In Youngstown, Ohio, Deindustrialization Erodes the Old City, but Palimpsests of Place Yield Insights for Workers, Artists, and Activists, Including Me
DOI:
https://doi.org/10.13001/jwcs.v10i1.9827Keywords:
Deindustrialization, palimpsest of place, Youngstown, participatory art, worker participationAbstract
In The Work of Art in the Age of Deindustrialization, Jasper Bernes says that artists, workers, and countercultural activists began to demand changes in the conditions of life and work in the 1970s, sometimes through participatory movements. He concurs with Andrew Ross who writes in No Collar: The Humane Workplace and Its Hidden Costs that these participatory movements didn't do as much to improve working conditions as workers and artists might have hoped.
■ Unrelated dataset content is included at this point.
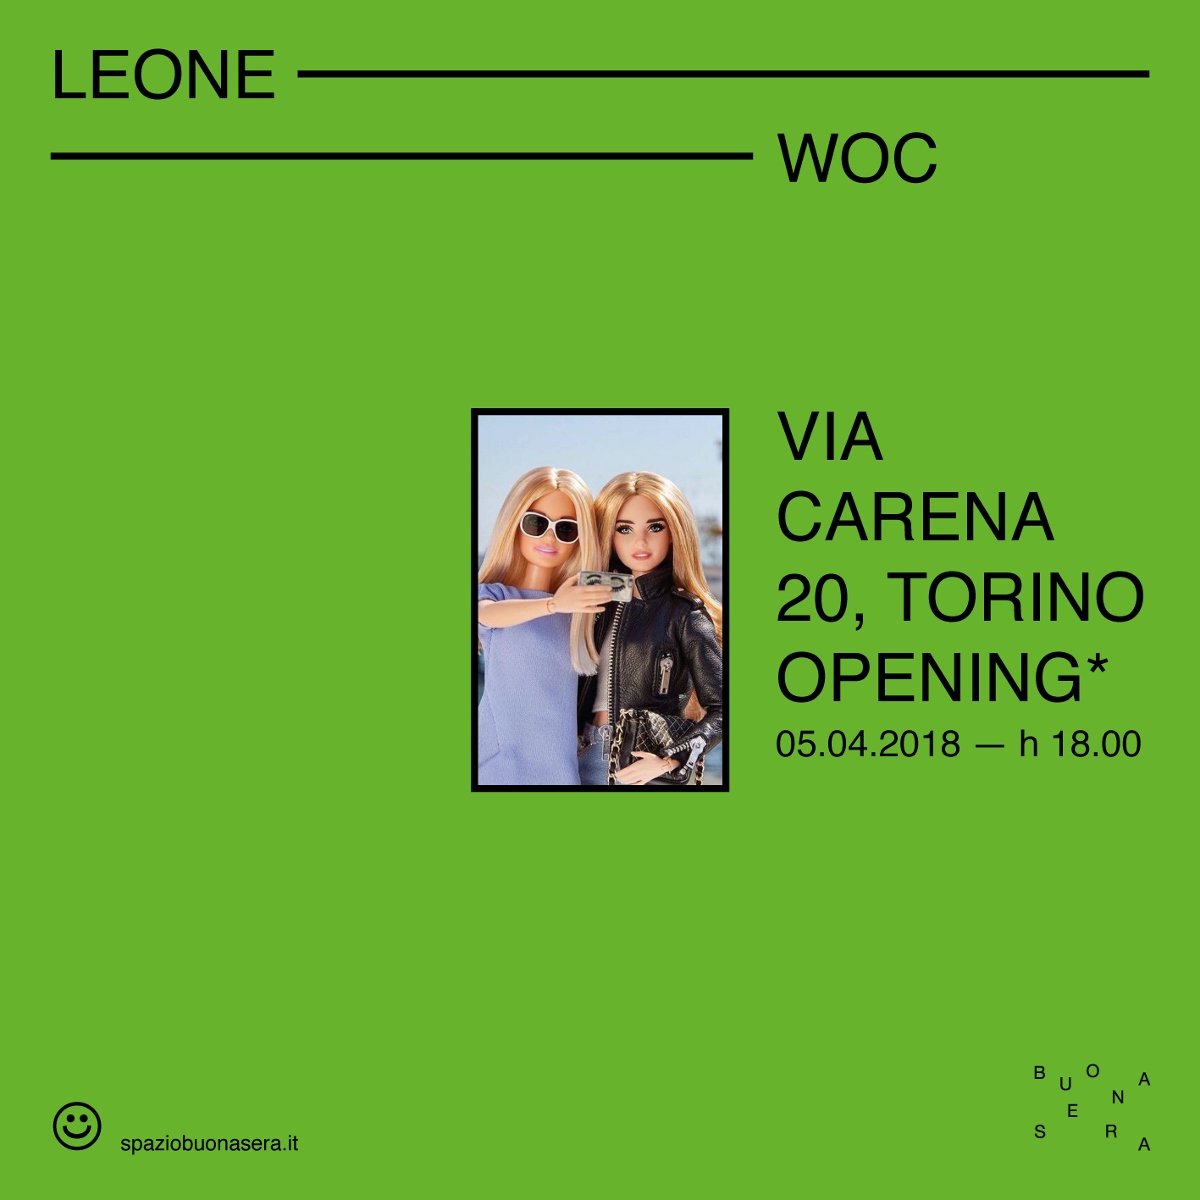 Woc – Leone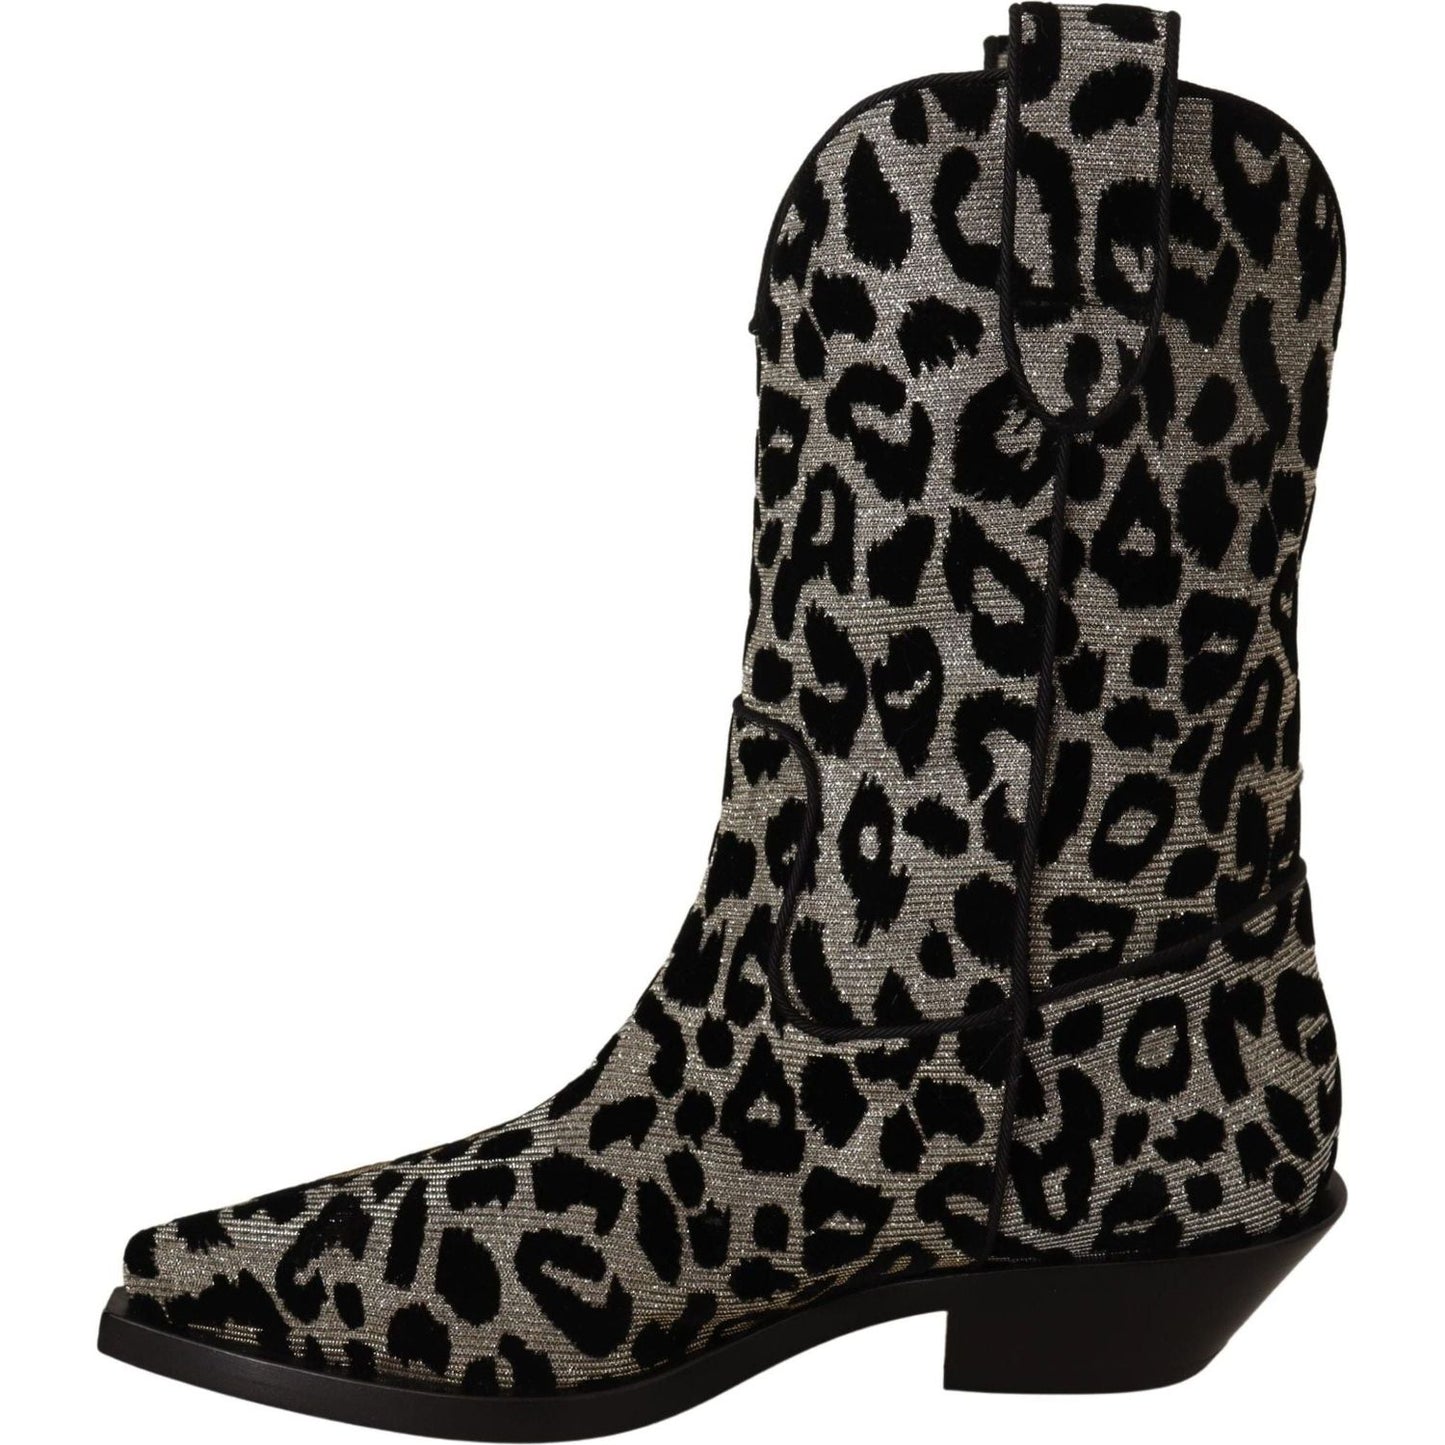 Dolce & Gabbana Elegant Leopard Print Mid Calf Boots gray-black-leopard-cowboy-boots-shoes IMG_6046-427bc681-5c1.jpg

As a consequence, today there is a “generalization of the ‘mentality’ of artists’ work across the entire economy, not just among creatives.” This becomes easier to see as more workers enter the gig economy and are forced to be as flexible, adaptable and without job security as artists have long been. In this creative essay, I use a visit to Albert Street in Youngstown, Ohio, on the 50th anniversary of my time as editor of an alternative magazine, as an occasion to compare the 1970s, a time when Youngstown was a steel center with thousands of good jobs and I was involved in a countercultural project there, to the 2020s when Youngstown is a deindustrializing city and I work as a freelancer. The essay includes photos which record palimpsests of place, showing how much of the past still can be viewed in the present and the insight these contrasts provide.